You are viewing a plain text version of this content. The canonical link for it is here.
Posted to bugs@httpd.apache.org by bu...@apache.org on 2002/07/02 23:34:46 UTC
DO NOT REPLY [Bug 10426] New: -
load average high when httpd doing nothing
DO NOT REPLY TO THIS EMAIL, BUT PLEASE POST YOUR BUG
RELATED COMMENTS THROUGH THE WEB INTERFACE AVAILABLE AT
<http://nagoya.apache.org/bugzilla/show_bug.cgi?id=10426>.
ANY REPLY MADE TO THIS MESSAGE WILL NOT BE COLLECTED AND
INSERTED IN THE BUG DATABASE.
http://nagoya.apache.org/bugzilla/show_bug.cgi?id=10426
load average high when httpd doing nothing
Summary: load average high when httpd doing nothing
Product: Apache httpd-2.0
Version: 2.0.39
Platform: PC
OS/Version: Other
Status: NEW
Severity: Normal
Priority: Other
Component: Platform
AssignedTo: bugs@httpd.apache.org
ReportedBy: pab@balancewd.com
On a lightly-loaded system, httpd's load average goes up by 1 permanently
for each httpd process that handles any HTTP traffic at all.

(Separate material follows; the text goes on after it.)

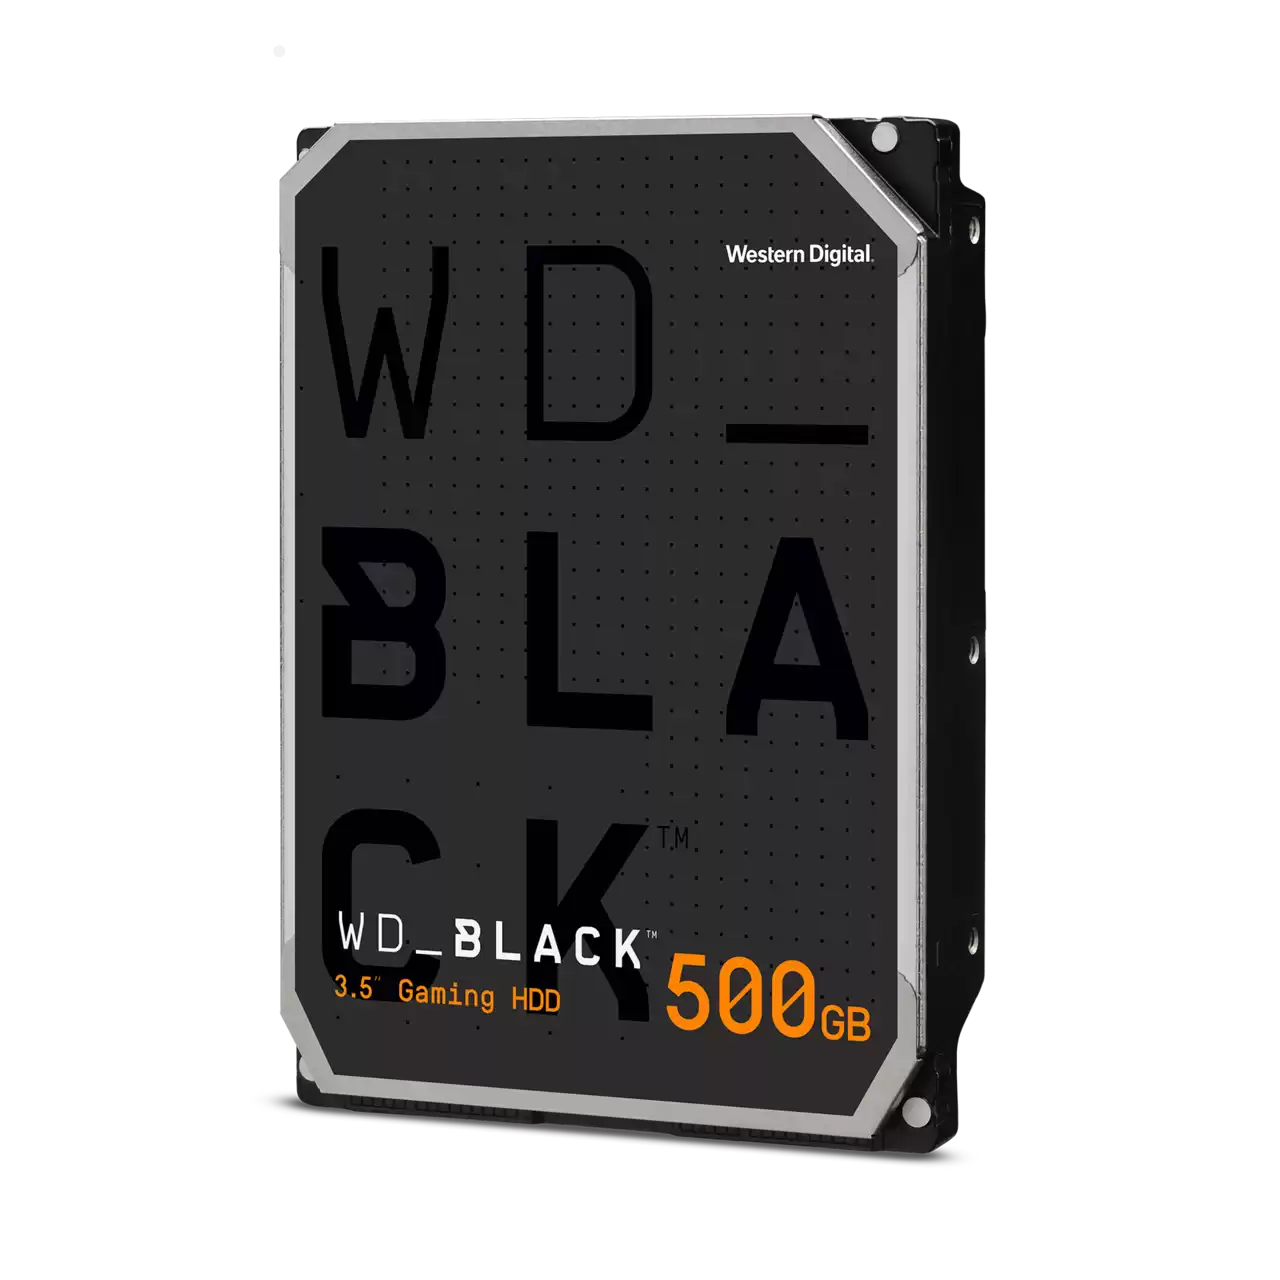 WD_BLACK 3.5-Inch Gaming Hard Drive - 8TB - 3.5 SATA - WD8002FZWX

When you start the daemon, and it forks the minimum # httpd's, the load is near
zero.
After you fetch any document, such as /index.html, that 1 child httpd process
begins raising the load average by 1.00 from then on, even with no other
connections in-coming on any of the daemons. If you do it again and get a
different child httpd, that one does the same thing, now the load is around
2.00, and so on.
Top and PS do not show any processes using a lot of CPU. The available CPU is
always 95-100%, which is really weird! If you let it stay this way for 12
hours, with the load high, the amount of accumulated CPU per process is very
low (less than 1 minute). If these processes were really using up CPU they
should at least have used an hour or two of CPU time each!
If you SIGHUP the main httpd, it kills & restarts its children, so the load
drops back down to around 0.00. Same if you completely kill & restart them.
No errors about this go to syslog or to apache's error_log.
The system is completely usable as a web server, and logging in
and typing in a telnet window feels fine
(it doesn't feel like a load of 5.00).
The web server is fully functional, from what we can see, only the load is high.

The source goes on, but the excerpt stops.